The 3 AM Wake-Up Call That Changed Everything

So, I’m gonna start with a story.
It was 3:47 AM when Sarah's phone erupted with alerts. As the lead engineer at FinTech Solutions, she'd seen her share of production incidents, but this was different. Their payment processing system—handling millions of dollars in transactions daily—was experiencing mysterious slowdowns. Customer complaints were flooding in, and every minute of downtime meant lost revenue and eroding trust.
Sarah's team scrambled to diagnose the issue. They checked server health: CPU and memory looked normal. Database queries? Running fine. Network connectivity? All green. Yet customers were timing out during checkout, and the team was flying blind.
After two hours of frantic investigation and a $2.3 million revenue loss, they finally discovered the culprit: a third-party payment gateway had introduced subtle latency in their API responses. But here's the kicker—this could have been caught in minutes, not hours, if they had proper observability in place.
Six Months Later: A Different Story
Fast forward to a similar scenario. At 2:15 AM, the system detected an anomaly. But this time, the on-call engineer, Marcus, received a contextualized alert with the exact service endpoint, and even the suspected root cause. He opened his laptop to find:
  • Distributed traces: showing the payment gateway's response time had jumped from 200ms to 8 seconds
  • Correlated logs: revealing specific transaction IDs affected
  • Metrics dashboards: displaying the cascade effect across dependent services
  • Automatic rollback: already triggered based on predefined SLOs
Marcus confirmed the automated mitigation, notified the gateway provider, and the incident was resolved in 12 minutes. Most customers never even noticed. Total revenue impact? Less than $50,000, and zero customer complaints.
 
The Real Cost of Flying Blind
Sarah's story isn't unique. Across the industry, engineering teams face similar challenges. And these weren't failures of engineering talent. They were failures of visibility.
notion image

Let’s talk about O11y.

O11y stands for observability, not to be confused with Observable. It talks about an ability to understand what is happening in our system or application by examining the system outputs, like data, logs, or metrics, etc. It enables not only SWEs, but also other IT departments like DevOps, SRE teams, or even standby system support, to understand the behavior of a system/app, to know what gone wrong (if that happens), why it gone that way, find the root cause, and do action about it.

We implemented monitoring already, with good alerting system.

Good! But observability takes monitoring to higher level, even though they are similar.
Focus : Monitoring tracks predefined metrics and alerting to known issues while o11y focuses on understanding the state of the system by analyzing its outputs. It is said that monitoring deals with “known unknowns” while observability deals with “unknown unknowns”.
Approach : Monitoring is like “reactive” approach, we do something when something is wrong based on pre-set thresholds.
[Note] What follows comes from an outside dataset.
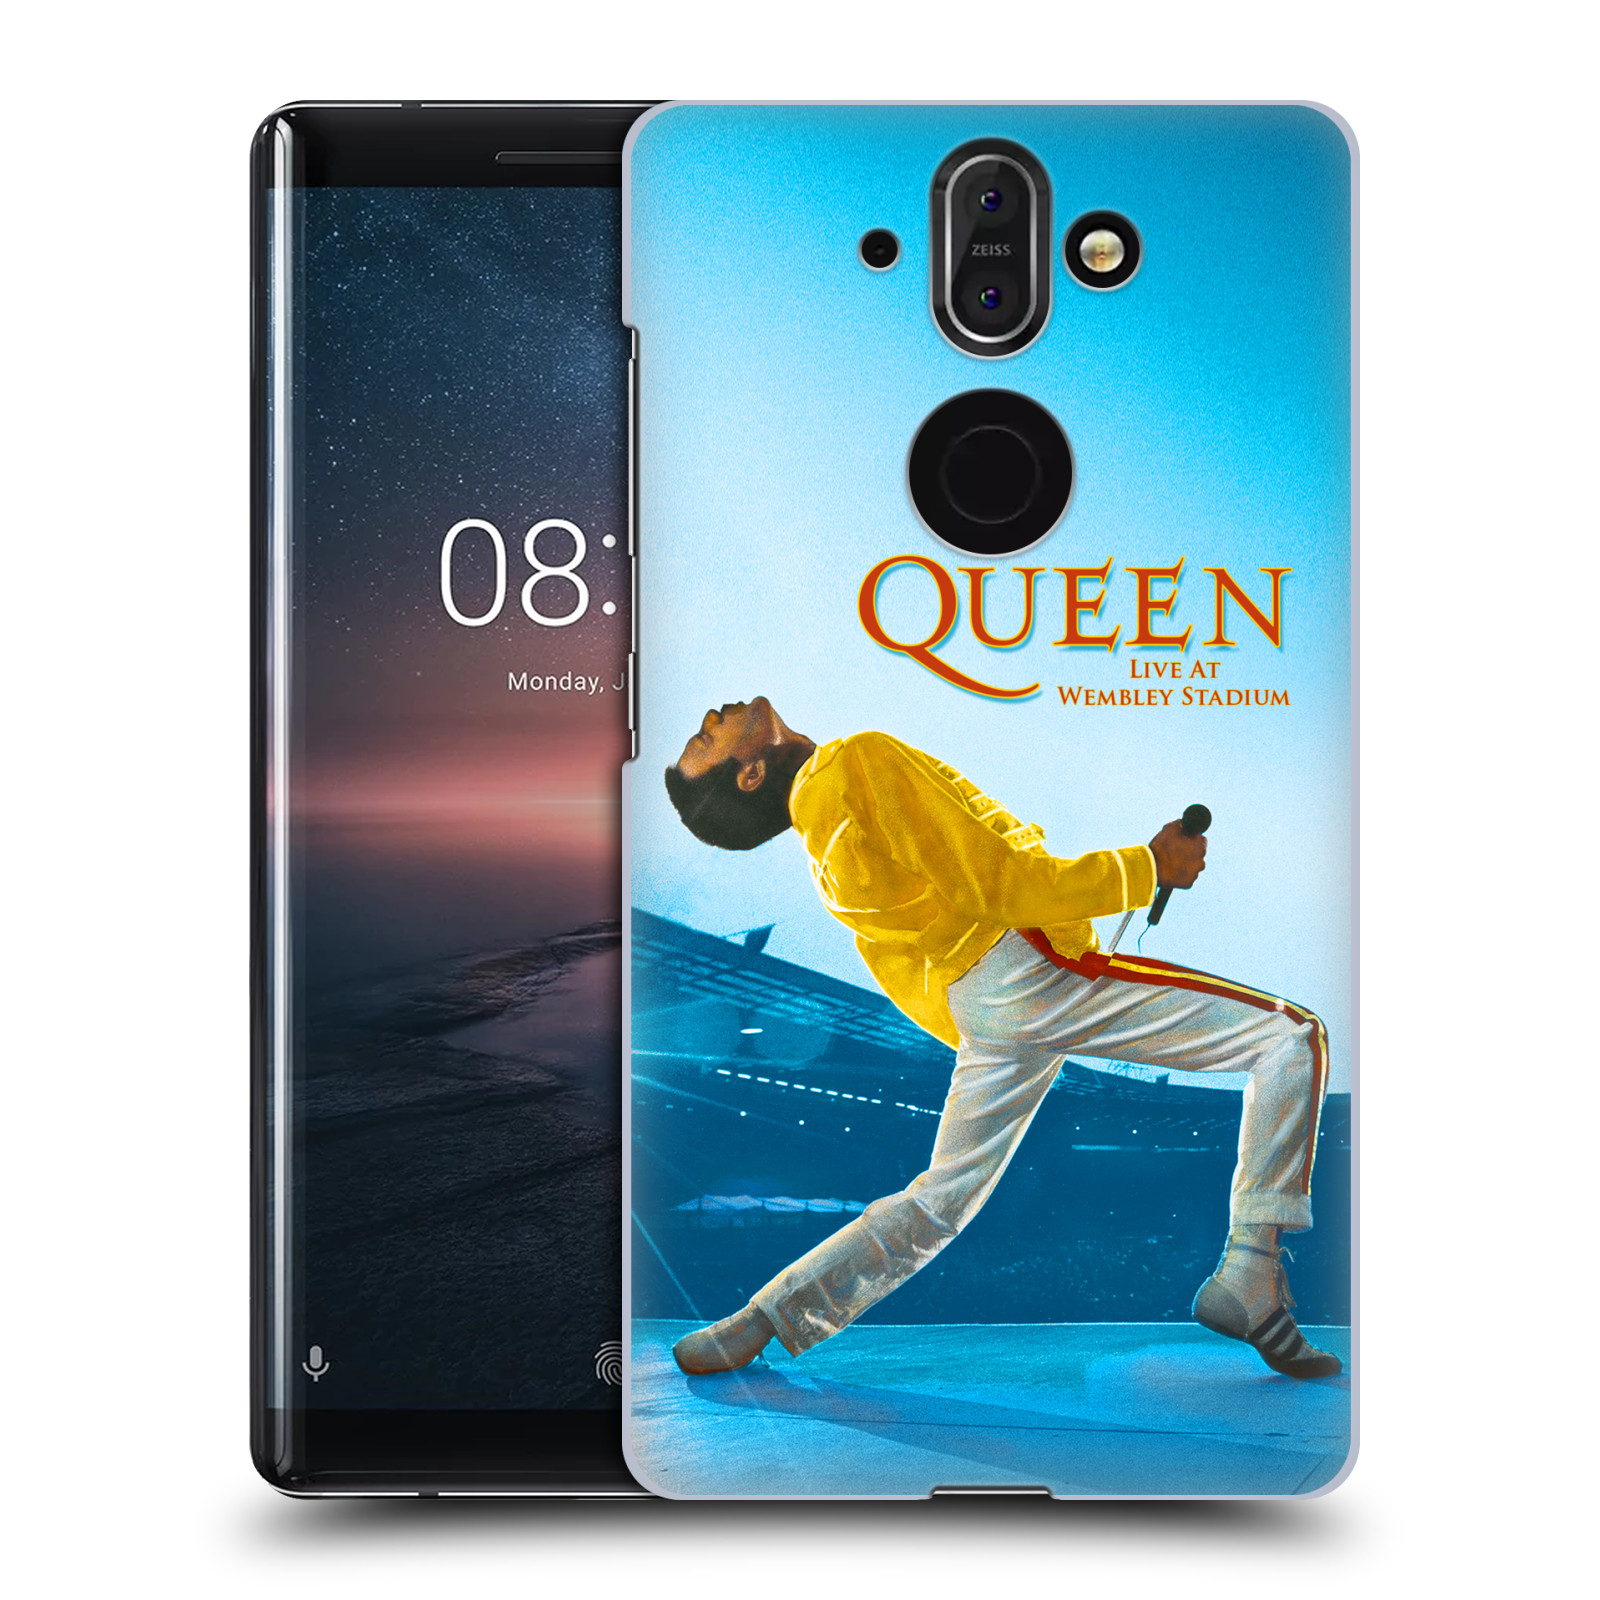 Plastové pouzdro na mobil Nokia 8 Sirocco - Head Case - Queen - Freddie Mercury

However, observability is more like “proactive” approach, often incorporates extra situational data and historical data to analyze the root cause of “why” that monitoring alerts occurred.
notion image
Look at it this way, monitoring is like a car dashboard, showing us basic information of the car, like fuel level, how fast we run, even in modern car it tells more like tire pressure level, temperature, GPS, and so on. While observability is more like a car mechanic. Say that one day when you’re driving you feel something unusual with your car. Assume it shown in the car dashboard, oh, you see an alert. That’s monitoring. Then you take your car to the service center to have it checked. You tell the mechanic what happened. Then the mechanic use that information you gave him to diagnose what’s happening and how to fix it (by checking your car, of course). Now, that is observability.

Why it matters

I believe Sarah’s and Marcus’ stories already told much of how important observability is.
First, user experience. Let me make this short, if you make a system or application and you don’t care about your users, then you probably don’t need observability, you don’t even need users at all. It may sound stupid, but rationally, if you make something, you would want someone else to use it, to feel its usefulness, to make them want to use your product, right? So it definitely doesn’t make sense not to care about users. And that elaborated to how the users would feel using the product, how to make them want to use it.
I’m not talking about the business value the product offers, such as “Oh, it’s a banking app, people will use it for financial purposes, saving money, investments, or credit cards or applying loans. People need it.”
True, but I’m talking more about on the “reliability” side, if that banking app performance sucks, like “slow process when users doing fund transfer, or unknown error when making payment at supermarket, unreliable performance to inquiry account balance”, and there are other banks offer more reliable app as alternatives, which one do you think people will use? This is a rhetorical question, and the answer is obvious! It is a hell of competition!
notion image
"Every minute of downtime isn't just lost revenue—it's lost trust." Our competitors were one click away. Customers who experienced failures rarely came back!
I hope now we understand the issue here. It is like dead or alive choice to the business itself. And as a result, IT teams face mounting pressure to track and respond to issues much faster degree. This is where observability comes to play. It plays the role of helping us, as the “IT” to ensure the users get the most reliable experience using our apps!
Second, we all know tech evolves dramatically. As organizations embrace new tech concepts like distributed system, cloud, DevOps, bla bla bla, system architectures have dramatically increased in complexity and scale. Simple systems have fewer moving parts, making them easier to manage. Monitoring CPU, memory, databases and networking conditions is usually enough to understand these systems and apply the appropriate fix to a problem.
notion image
Distributed systems have a far higher number of interconnected parts, so the number and types of failures that can occur is higher too. Additionally, distributed systems are constantly updated, and every change can create a new type of failure. In a distributed environment, understanding a current problem is an enormous challenge, largely because it produces more “unknown unknowns” than simpler systems.
"Code that works on your laptop isn't the same as code serving 10 million users." Production environments are complex, distributed, and unpredictable. Without observability, you're deploying into darkness.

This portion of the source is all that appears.